Enable clique history recording and provide smtasks, then retrieve with fetchCliqHistoryAll! even if an exception is thrown.

smtasks = Task[]
solveTree!(fg; smtasks, verbose=true, timeout=10, recordcliqs=ls(fg));
hists = fetchCliqHistoryAll!(smtasks);

We can automate it further in the future.

Affie avatar Sep 28 '20 07:09 Affie

Will the internal fetchCliqHistoryAll! work in general or should we definitely call it after a solve?
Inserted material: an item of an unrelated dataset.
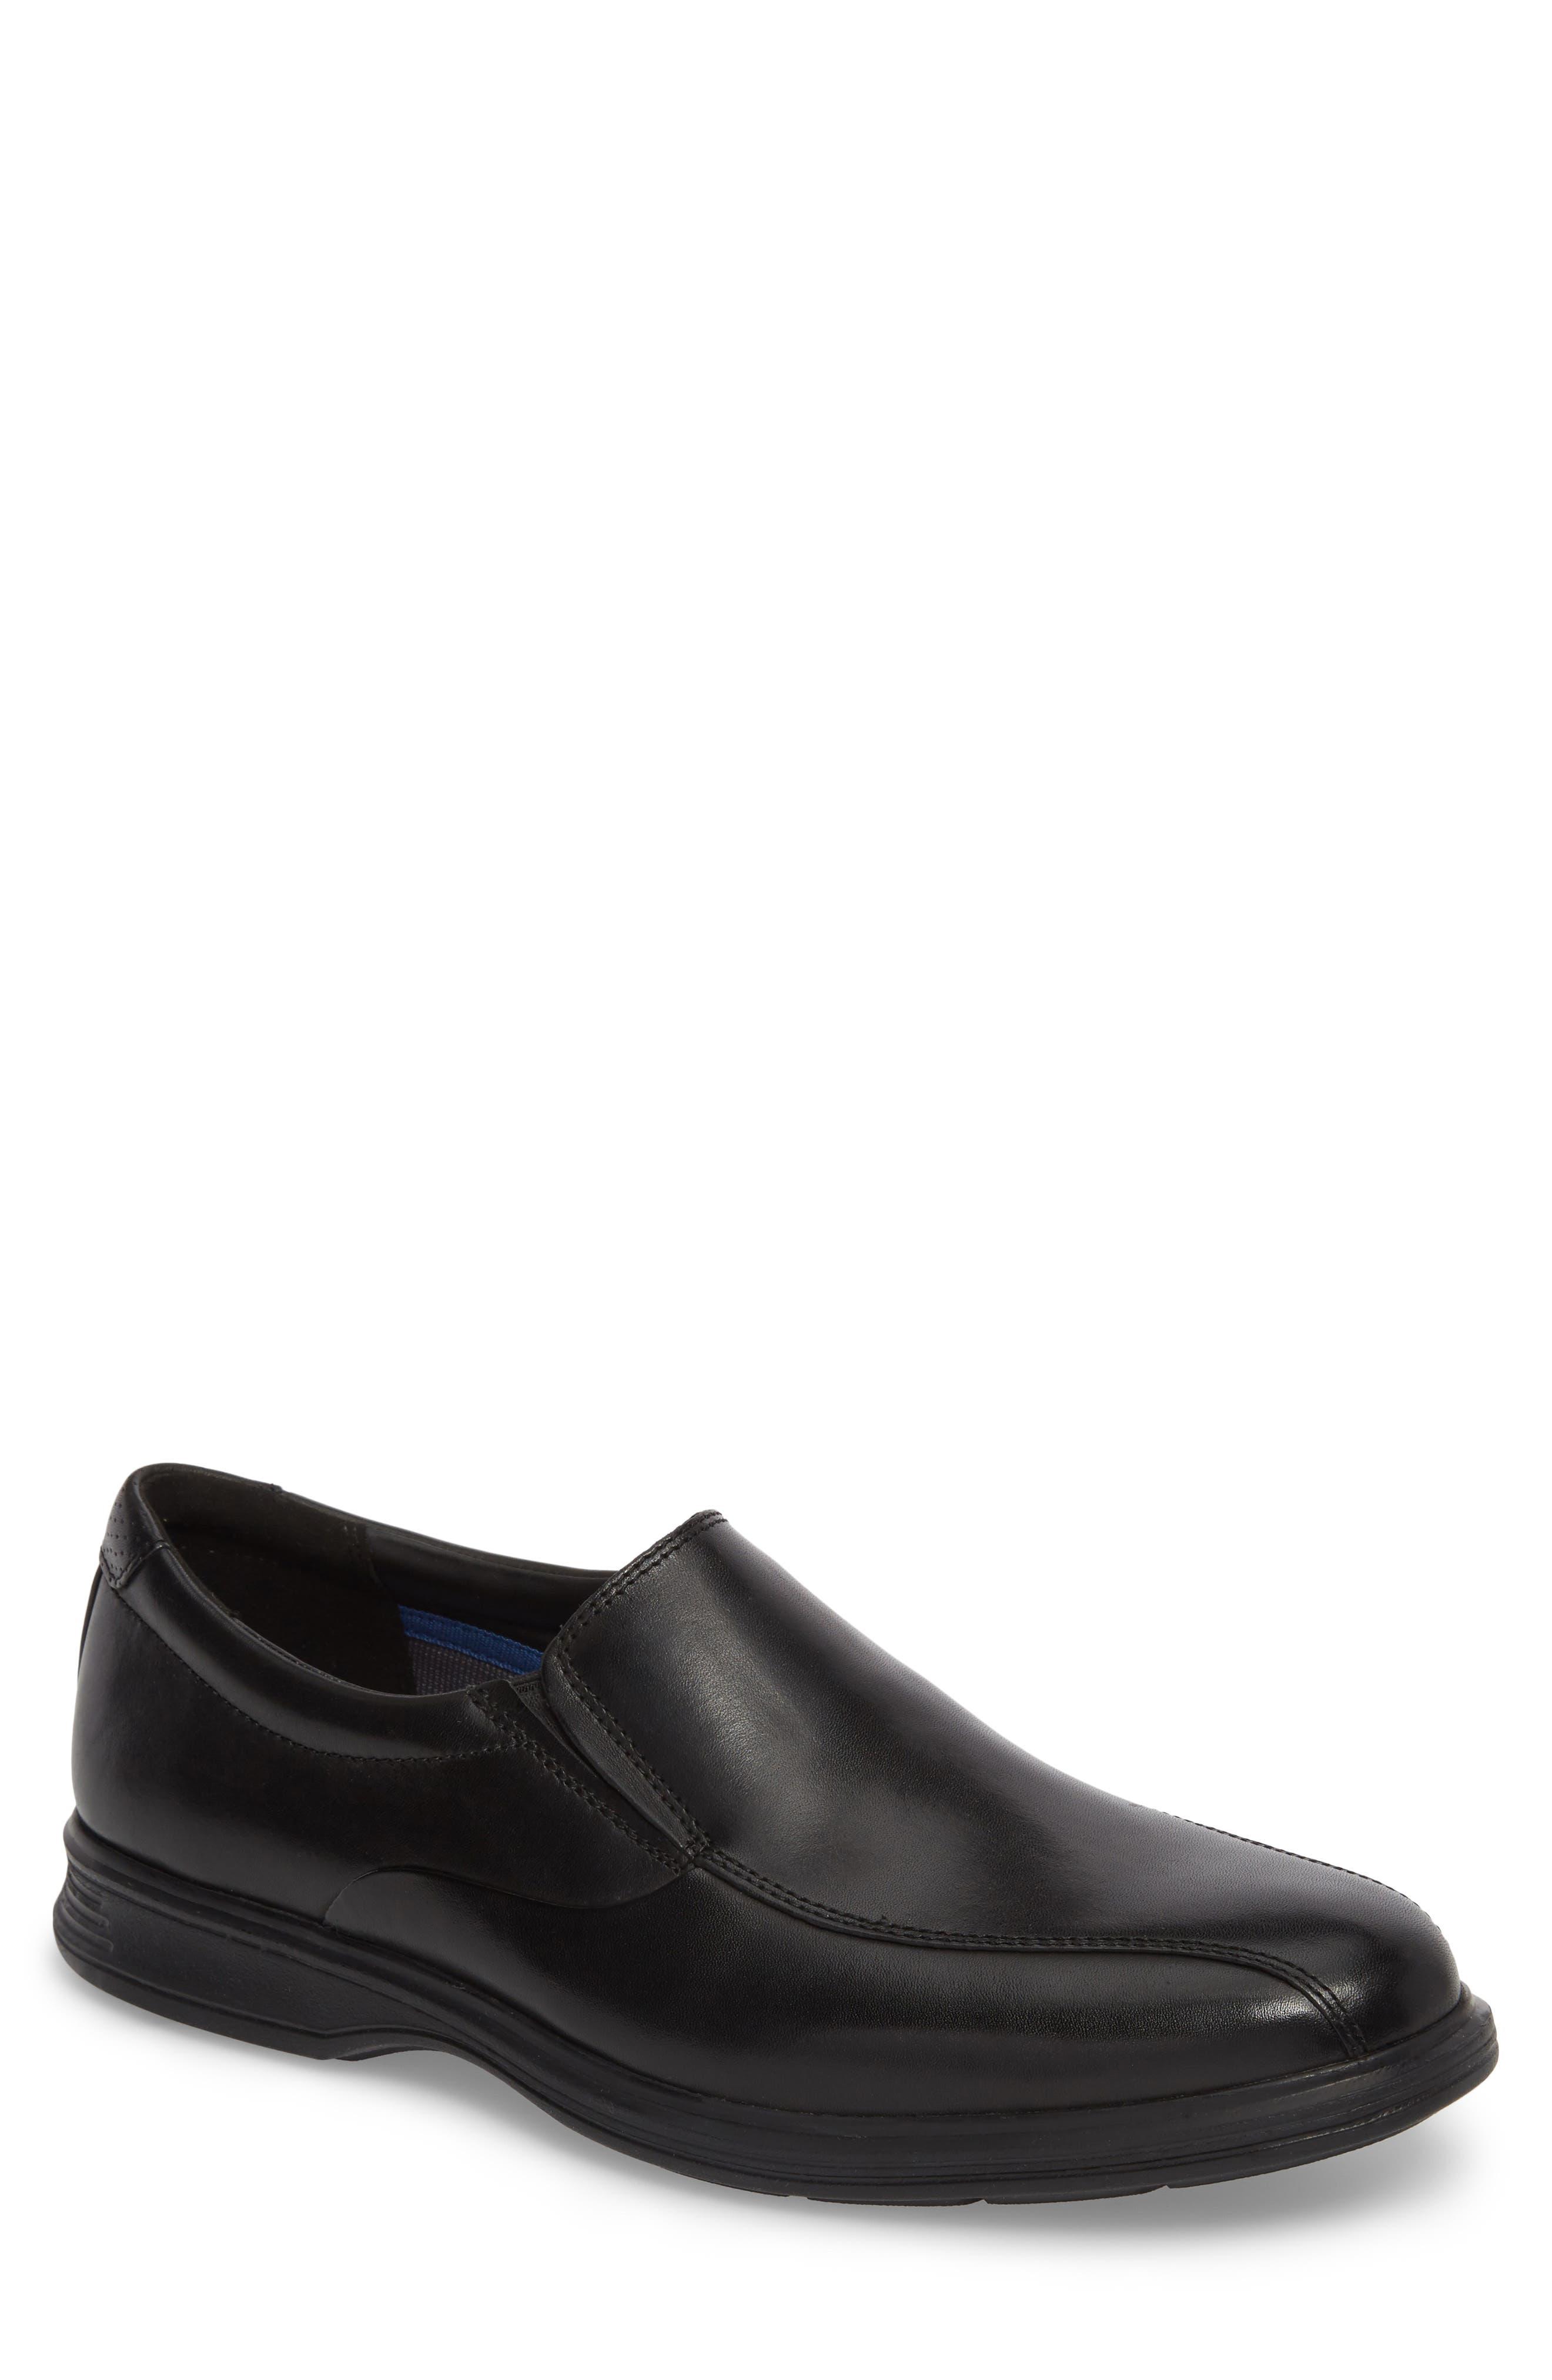 Dressports 2 Lite Venetian Loafer,                         Main,                         color, Black Leather

See it is commented out: https://github.com/JuliaRobotics/IncrementalInference.jl/blob/8bede364027b62eb1e3dba1a5b2285de583c6050/src/SolverAPI.jl#L533

dehann avatar Sep 29 '20 02:09 dehann

Will the internal fetchCliqHistoryAll! work in general or should we definitely call it after a solve?

For now, it has to be called after the solve with smtasks passed in by reference. I was thinking to still return it if dbg is on. So it would not throw an error but @error and return the normal tree, smtasks, hists

I don't know about the commented out call.

Affie avatar Sep 29 '20 07:09 Affie

Everything logged with logCSM as debug level can be displayed on the console by enabling debug printing on the clique, for example, enable CSM 2 with ENV["JULIA_DEBUG"] = :csm_2

Affie avatar Oct 27 '20 12:10 Affie

Another usefull workflow for debugging CSM freezes is:

getSolverParams(fg).async = true
smtasks = Task[]
solveTree!(fg; smtasks)

Then if it hangs call:

IIF.throwIntExcToAllTasks(smtasks)

Affie avatar Feb 25 '21 13:02 Affie

getSolverParams(fg).dbg=true also saves the csmc and statemachine in task storage. it is saved in: smtasks[i].storage[:csmc] smtasks[i].storage[:statemachine]

Affie avatar Feb 25 '21 16:02 Affie